Could you output the listing that follows exactly, without its images?

---- Exercise data

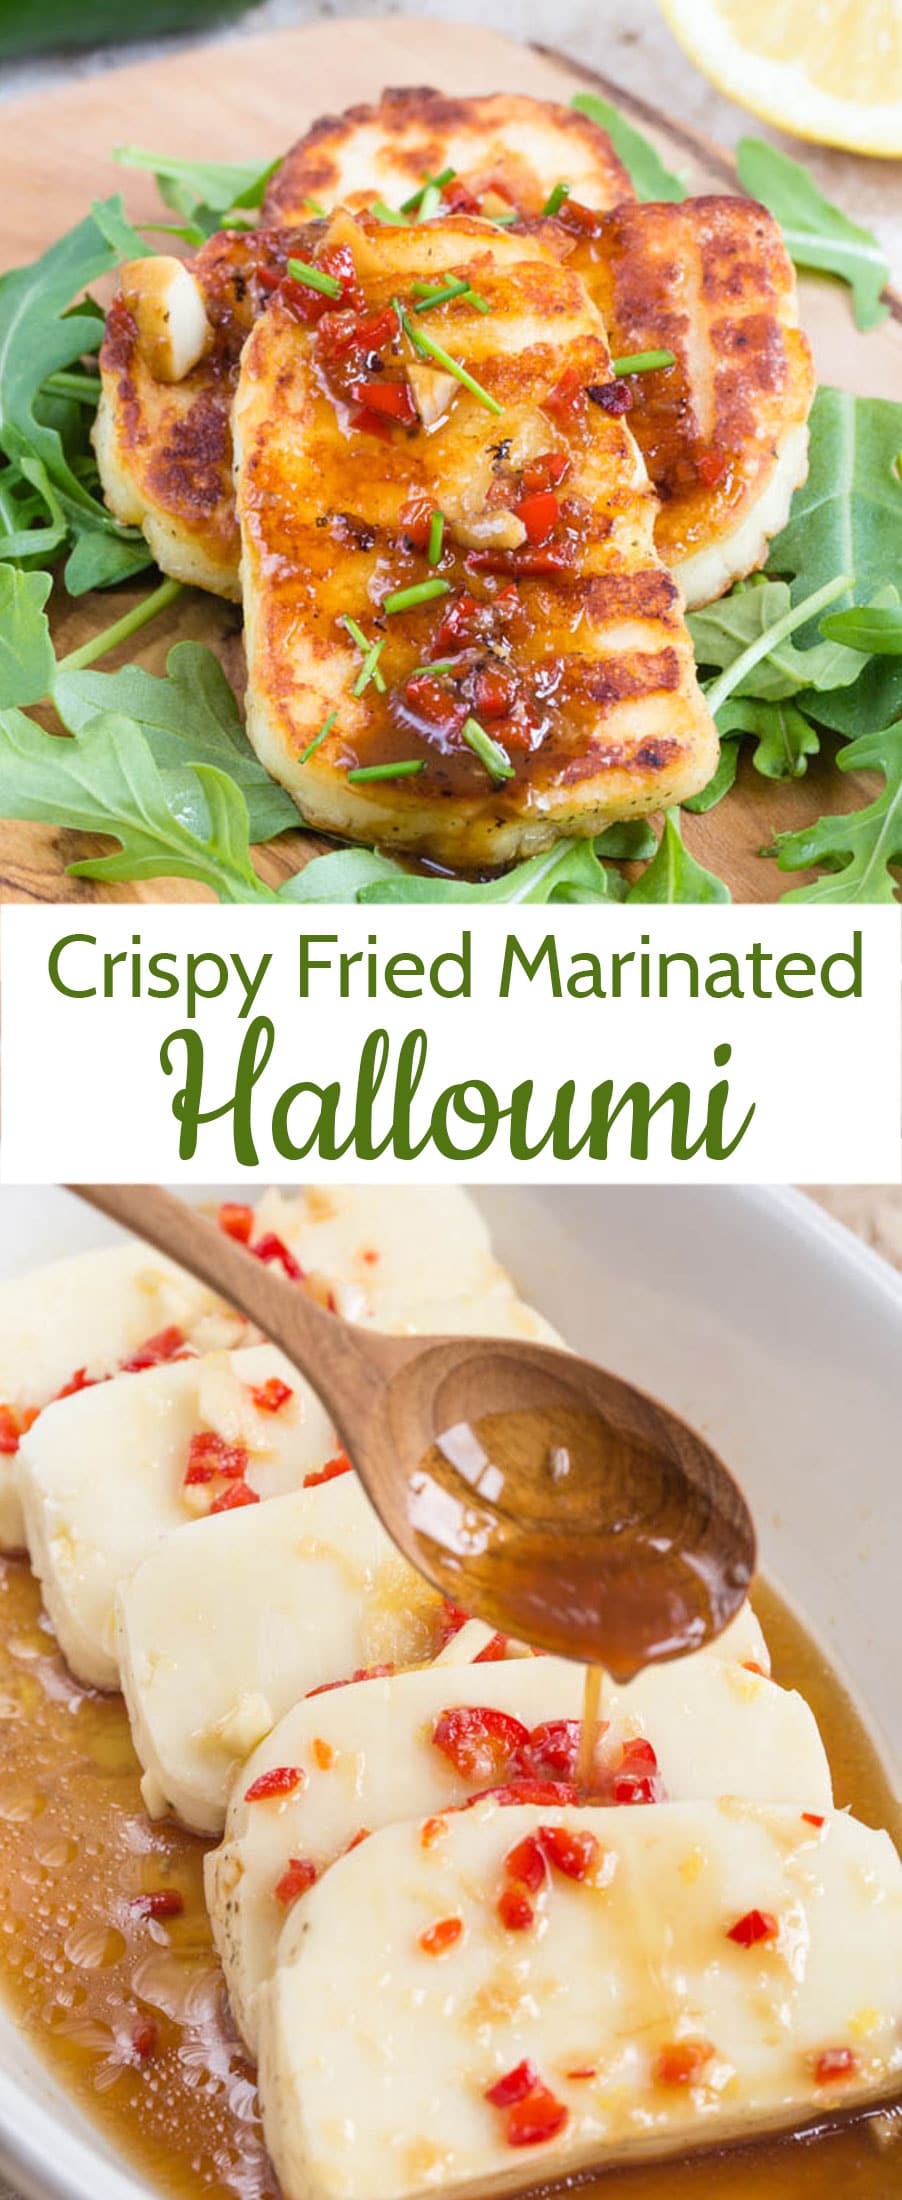 Versatile halloumi cheese works so well with spices: add interest with chili, lime and garlic
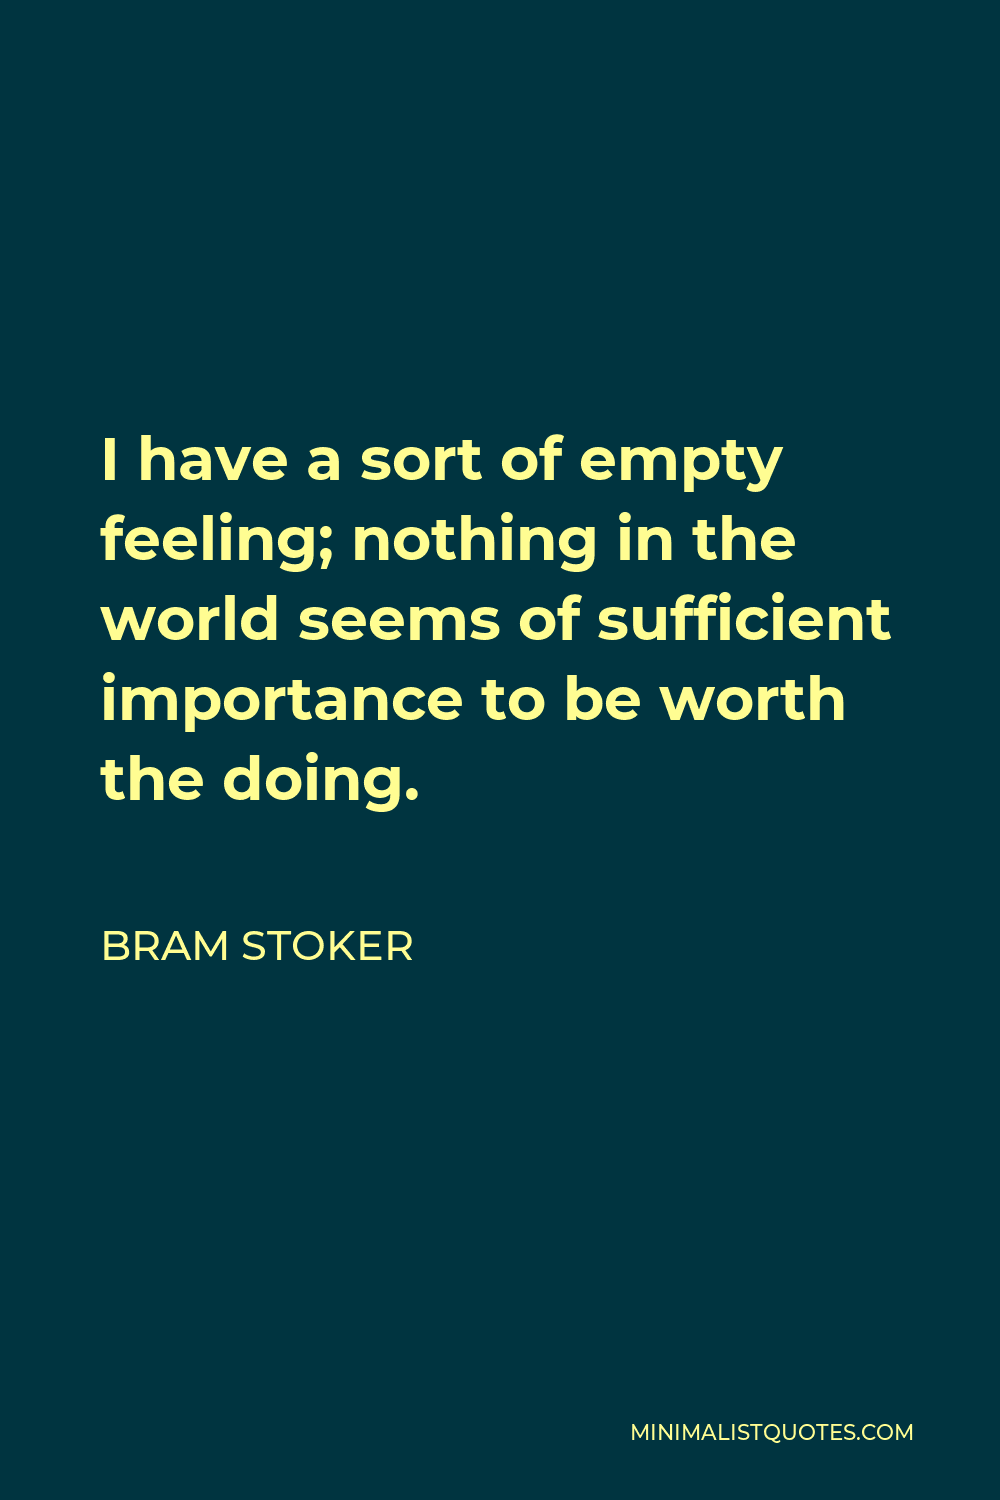 Bram Stoker Quote: I have a sort of empty feeling; nothing in the world ...
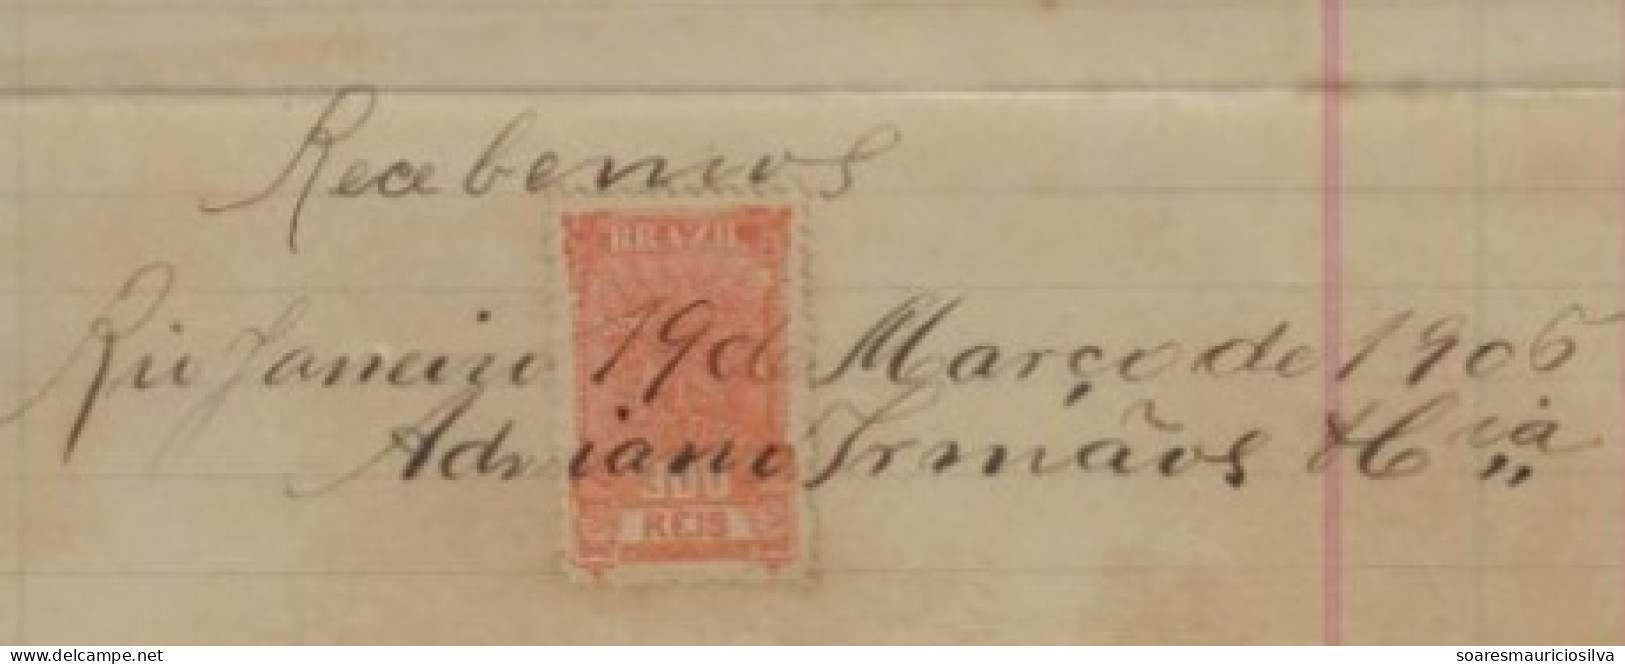 Brazil 1906 Invoice Factory Brushes Dustpans Broomsby Adriano Brothers &Co Rio De Janeiro Federal Treasury Tax Stamp 300 - Briefe U. Dokumente

--------

Answer space =
 Versatile halloumi cheese works so well with spices: add interest with chili, lime and garlic
 Bram Stoker Quote: I have a sort of empty feeling; nothing in the world ...
 Brazil 1906 Invoice Factory Brushes Dustpans Broomsby Adriano Brothers &Co Rio De Janeiro Federal Treasury Tax Stamp 300 - Briefe U. Dokumente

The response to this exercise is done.